In the last century, especially in the last half of the century, there was the paradigm of sectionalism prevailing and sciences and engineering were divided into very small parts which are mutually independent. It was like in Babel where there was no common language to communicate. The purpose of this paper is to present one of the possible glues—the notion of Cartesian product—to stick some remotely separated parts of science and engineering together. This concept appears in various places and it will turn out that it can unify the scattered notions quite well. Our two main objectives are the interpretation of cyclic codes as polynomials and nested PSO. We make clear the meaning of polynomials through Cartesian product or rather as terminating formal power series.
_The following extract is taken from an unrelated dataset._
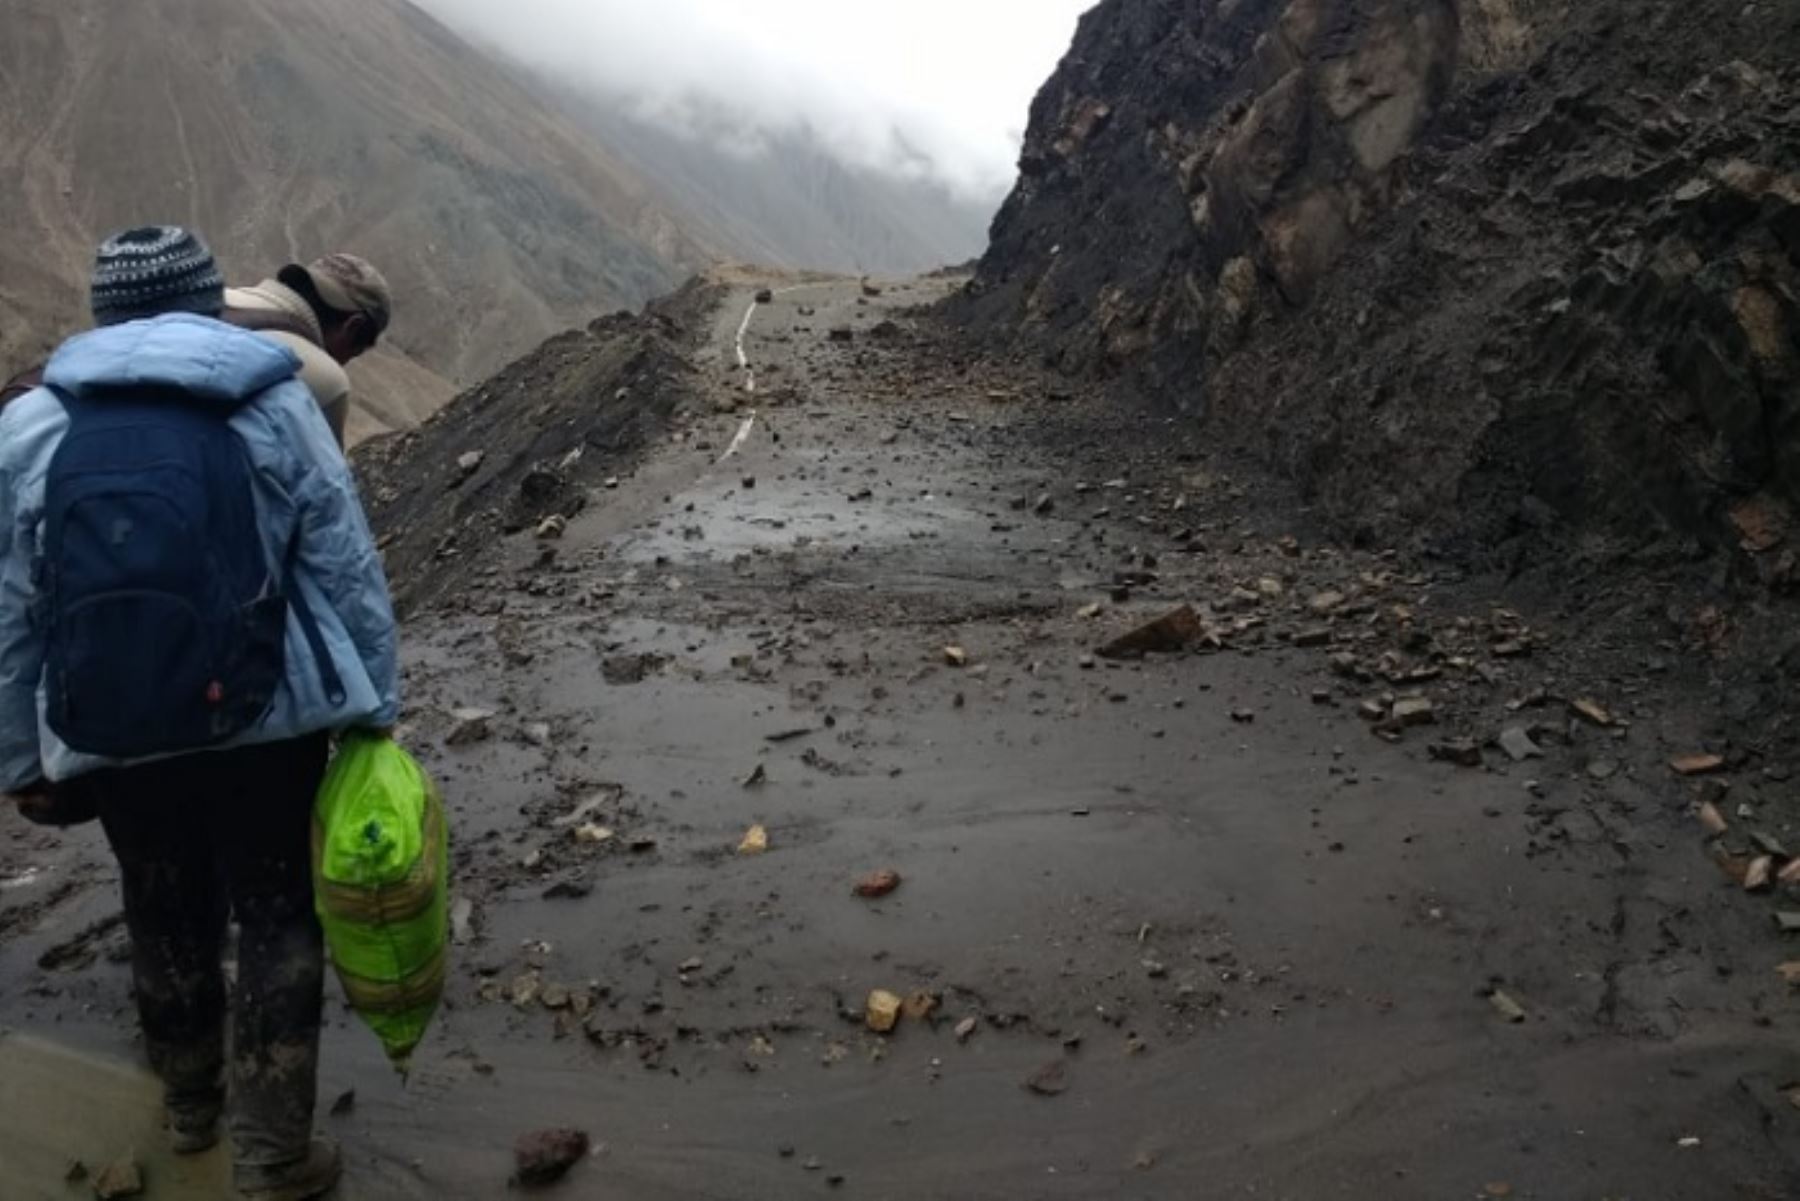 El COER Arequipa reportó la caída de piedras que afectaron el tránsito en la carretera a Uchumayo a causa del fuerte sismo de magnitud 5.4 registrado ayer en Moquegua.  ANDINA/Archivo

The latter, formal power series, is not touched in engineering disciplines but is quite useful in unifying and interpreting various notions. In particular, it will make clear the meaning of addition of polynomials. This reminds us of topologization of adéles. PSO (Particle Swarm Optimization), a developed form of genetic algorithm, has come to our attention through the papers [4], [23] and [24]. In [4], the PSO is used to find optimal choice of parameters in the FOPID. In other two papers, PSO algorithm is used in cell balancing in the Lithium-ion battery pack for EV’s. Motivated by the passage on [3] that the stability is preserved by the Cartesian product of many copies of the attractor, we may conceive of the nested PSO.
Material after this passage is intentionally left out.